IMPACTS ON INVESTMENT OPPORTUNITIES
In some ways, the relatively enthusiastic response to legalization of marijuana from NJ towns and cities make the state a good target for investment. Municipalities that have actively opted in to permitting are less likely to introduce obstacles to successful businesses at the planning, zoning, and local permitting level, which is obviously a plus. If we assume that the opt-ins also reflect positivity towards adult use establishments among the NJ population, that should also result in strong demand within the state.
There are, however, a few downsides to NJ from an investment perspective.
The aim of keeping legal weed at least competitive with the illegal market is a noble one, but it may well lead to disadvantages for NJ pot businesses, particularly at the retail level. If prices diverge despite the tax system, then a “logical” way to address the difference would be through outright price controls. If it did come to that, it would mean that should there be a local supply problem due to a weather event or whatever, retail prices might be capped, leading to a margin squeeze for outlets.
It might not even need an unusual event for prices to be squeezed. The NJ regs limit the number of cultivator licenses to 37 for at least a year or two, meaning that supply will be limited. There is no cap on the number of microbusinesses that can be allowed, but the relatively small limit to their canopy means that they will probably only be an attractive business proposition if prices are already high. You don’t need a Yale economics degree to know that if, as the OBEDIO data suggest, demand in NJ will be quite high and if, as the effective production caps suggest, supply will be restricted, wholesale prices will climb.
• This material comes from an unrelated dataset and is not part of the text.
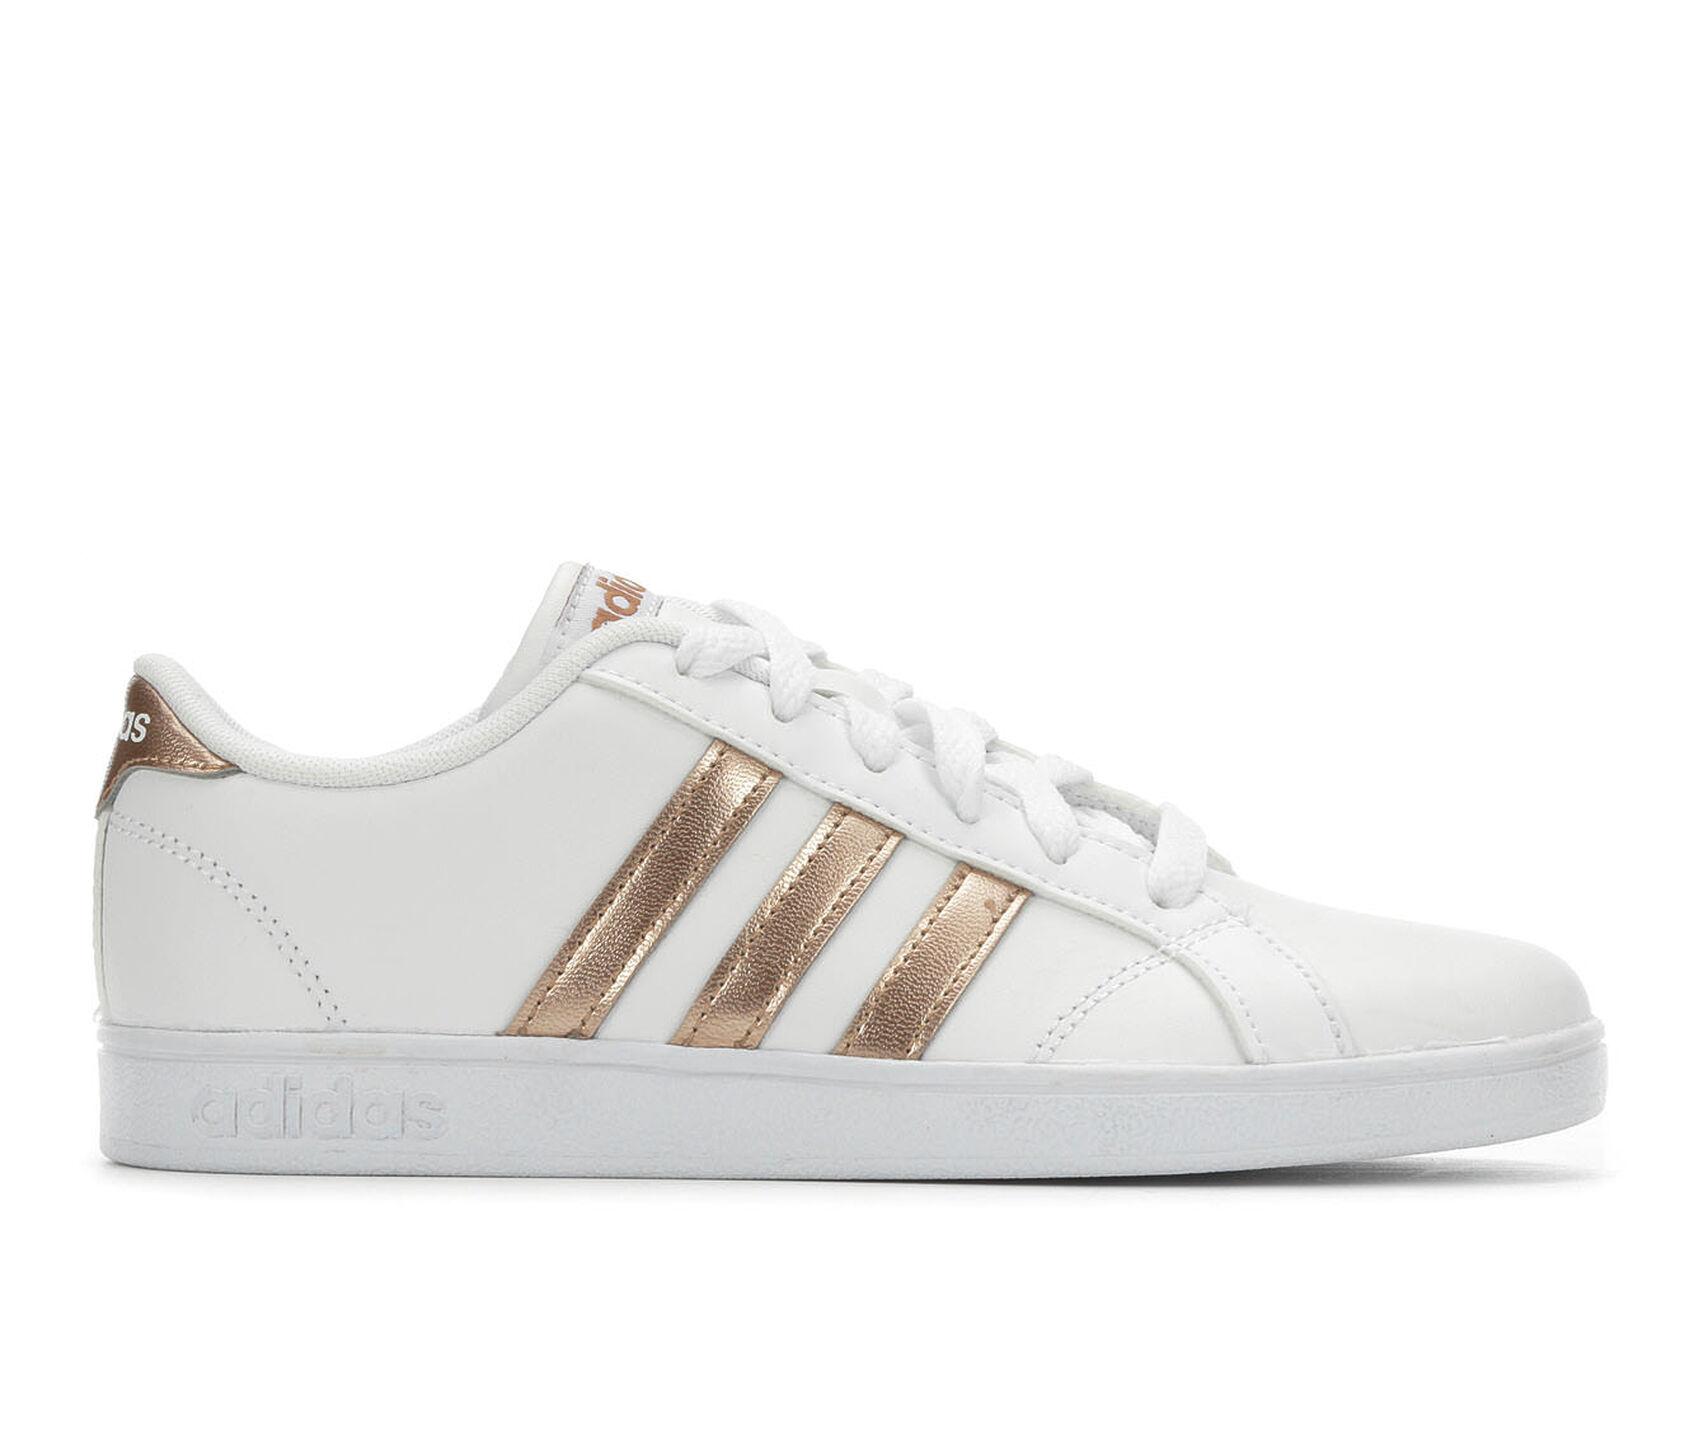 c8a9b91abb86 Girls  Adidas Little Kid   Big Kid Baseline Sneakers

That in itself is not a problem, but history suggests that it may lead to a push for regulators to intervene, which would probably severely disadvantage retail businesses in the state.
Recent criticism of high prices for medical marijuana led to a state response that said in part “Unfortunately New Jersey is not a price regulated state.” The use of the word “unfortunately” there tells you a lot. However, economic history shows that price regulation leads to harmful distortions of almost any market, no matter how well intentioned. To avoid temptation in the future it may therefore be a good idea for regulators to look at restricting the opportunity to implement price controls now, before a situation arises.
In addition, the number of opt-ins make it likely that there will be plenty of businesses in NJ, with a wide geographic spread. Good for NJ residents, but not necessarily for retail businesses from a competition perspective. Here, regulators should pay close attention to the competitive environment if they want the businesses to survive and thrive.
CONCLUSIONS
Unsurprisingly given the state’s demographics and history and the significant potential tax revenues, New Jersey municipalities have embraced marijuana legalization more enthusiastically than have some of their near neighbors. That makes it an appealing state for investors, but the tax structure and stated aims of the state legislature make it seem at this point as if the cultivation, processing, and wholesaling businesses may be more tempting targets for investment than retail.